Furthermore, recAN showed no group differences in cytokines when compared to HC, which is consistent with the findings from the largest study to date that included recovered patients [54], while another study reported reduced TNF-α in recovered individuals in comparison to HC but no group difference for IL-6 [55]. Our finding of no longitudinal change in cytokine concentrations over the course of short-term weight restoration is partly in line with previous findings: The meta-analysis from Solmi et al. [8] as well as a more recent study [14] found no significant difference in IL-6 concentrations before and after weight gain, while for TNF-α no difference [8] or a decrease from baseline to reassessment [14] were reported.
Additionally, our exploratory correlational analyses did not show any correlation between cytokine concentrations and indicators of undernutrition (BMI-SDS, leptin concentrations) or psychopathology for any of the groups. The heterogeneity of the published results emphasizes the complexity of possible inflammatory processes in AN and the need for further large-scale studies to identify potential patient subgroups prone to systemic inflammation [54].
The absence of any association between measures of gray matter (GM) and serum concentrations of IL-6 or TNF-α in any of the groups may be attributed to the lack of peripheral inflammation in the sample. None of the study participants exhibited cytokine concentrations indicative of systemic inflammation, as all values were below established clinical thresholds. Therefore, it seems unlikely that the marked and widespread CT reductions observed in underweight adolescent and young females with AN are due to (sub)-inflammatory processes.
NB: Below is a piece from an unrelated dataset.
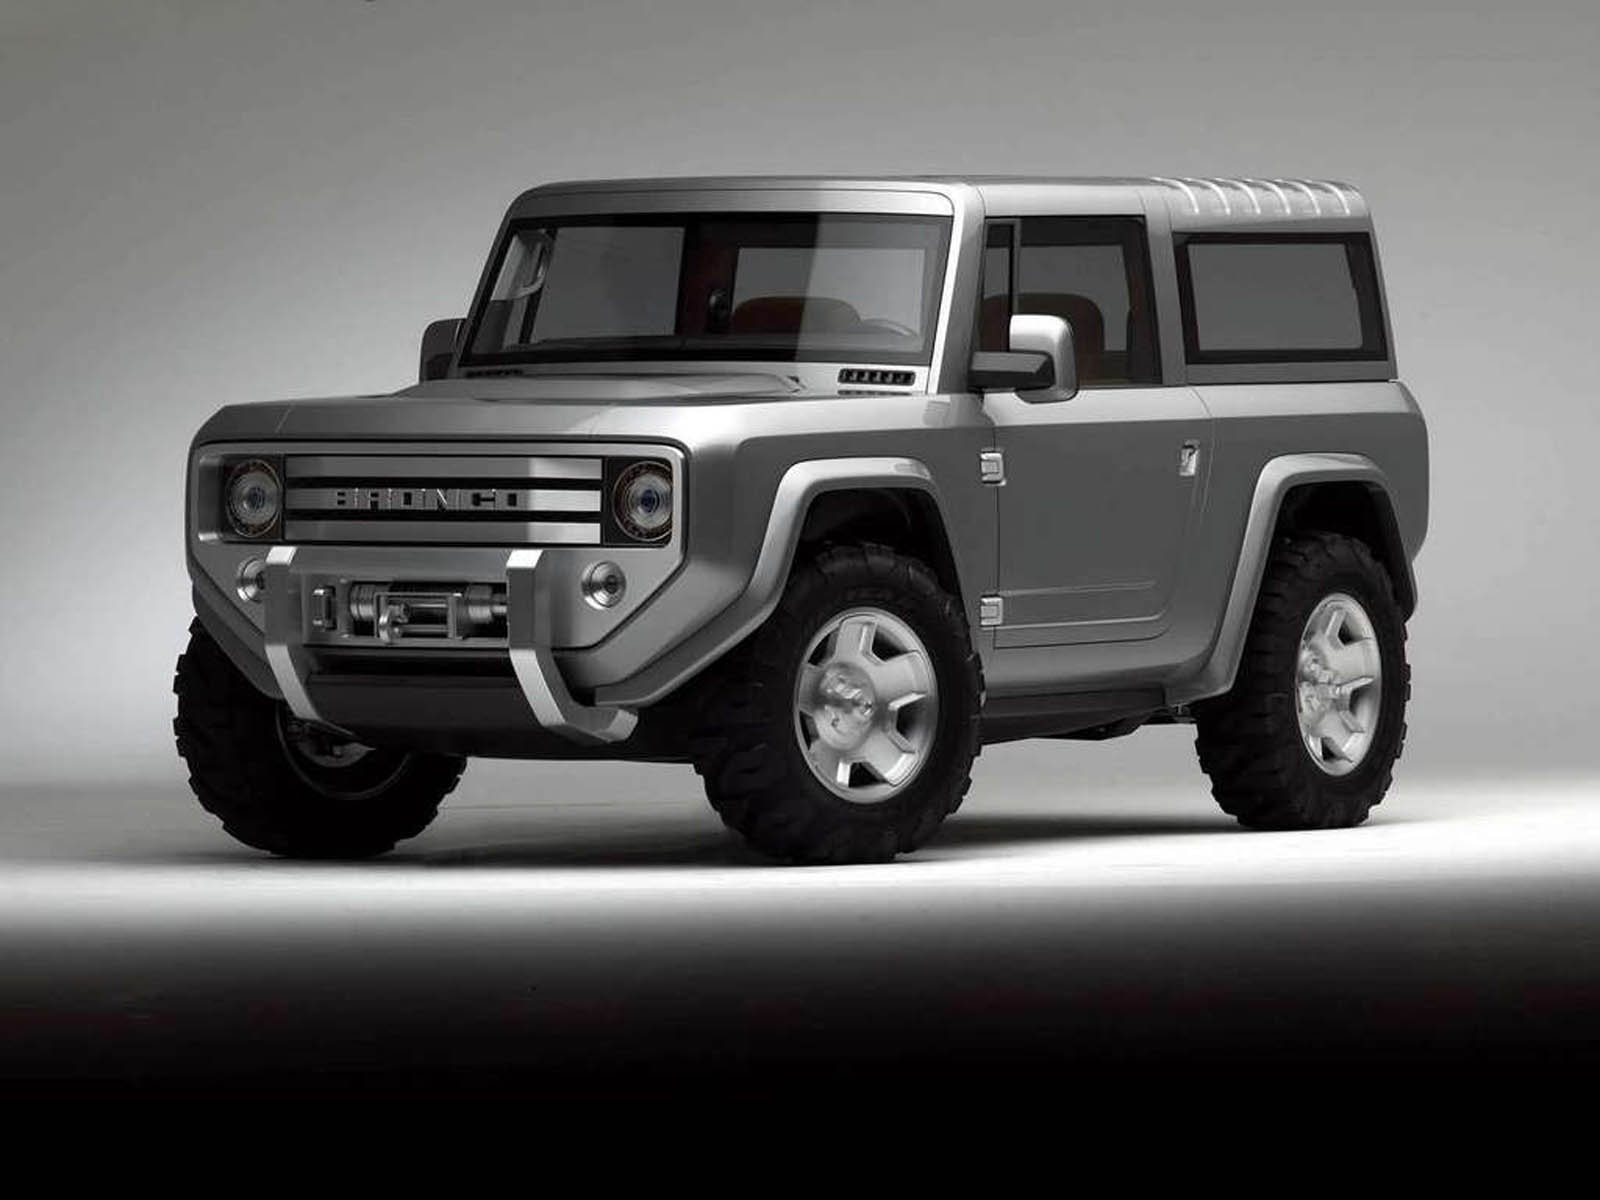 Tag Ford Bronco Concept Car Wallpaper Background Photos Image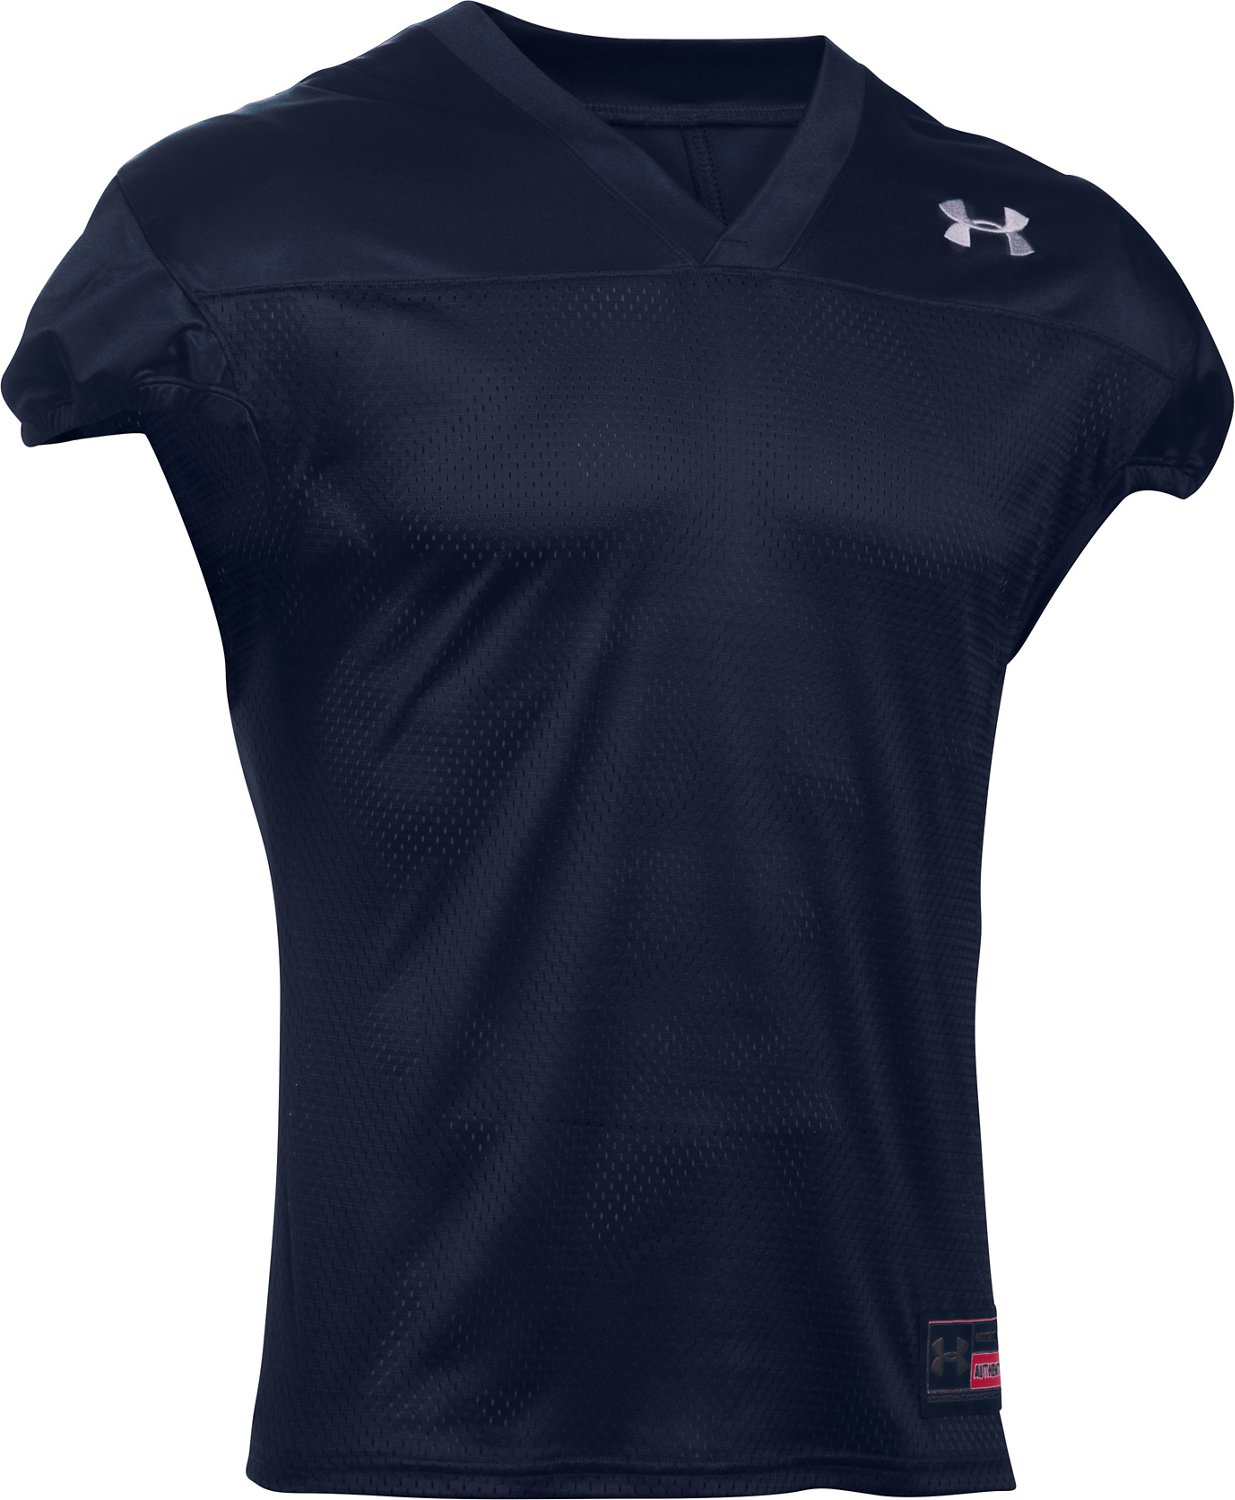 under armour practice jersey basketball

Recently, higher serum concentrations of the neuronal damage marker NF-L were found to be associated with lower CT in several brain regions in a study sample of acAN-TP1 similar to ours, which implies axonal damage as a potential underlying mechanism of cortical thinning [33]. However, an exploratory analysis in part of this sample did not find a correlation between serum concentrations of NF-L and IL-6 or TNF-α (Supplementary Table S2), again rendering it unlikely that (sub)-inflammatory processes that can be captured with IL-6 or TNF-α explain GM decreases in acute AN. While various other mechanisms of CT reduction have been hypothesized (e.g., the loss, damage or remodeling of glia and/or neurons, see Introduction), a recent study using a virtual histology approach highlighted that the most vulnerable regions are those with a higher density of energetically demanding cells in adolescents and young female patients [18]. This further supports longitudinal findings showing a strong association between GM changes in AN and nutritional status. However, these findings were mostly obtained in adolescents and young female participants, and the recovery was slower in older participants [18]. Since also the heterogeneity of findings regarding cytokine concentrations in different eating disorder patient populations seems to be related to age effects [1], future studies should investigate whether sub-inflammatory processes might play a role in the long-term maintenance or worsening of CT reductions in (chronic) adult patients.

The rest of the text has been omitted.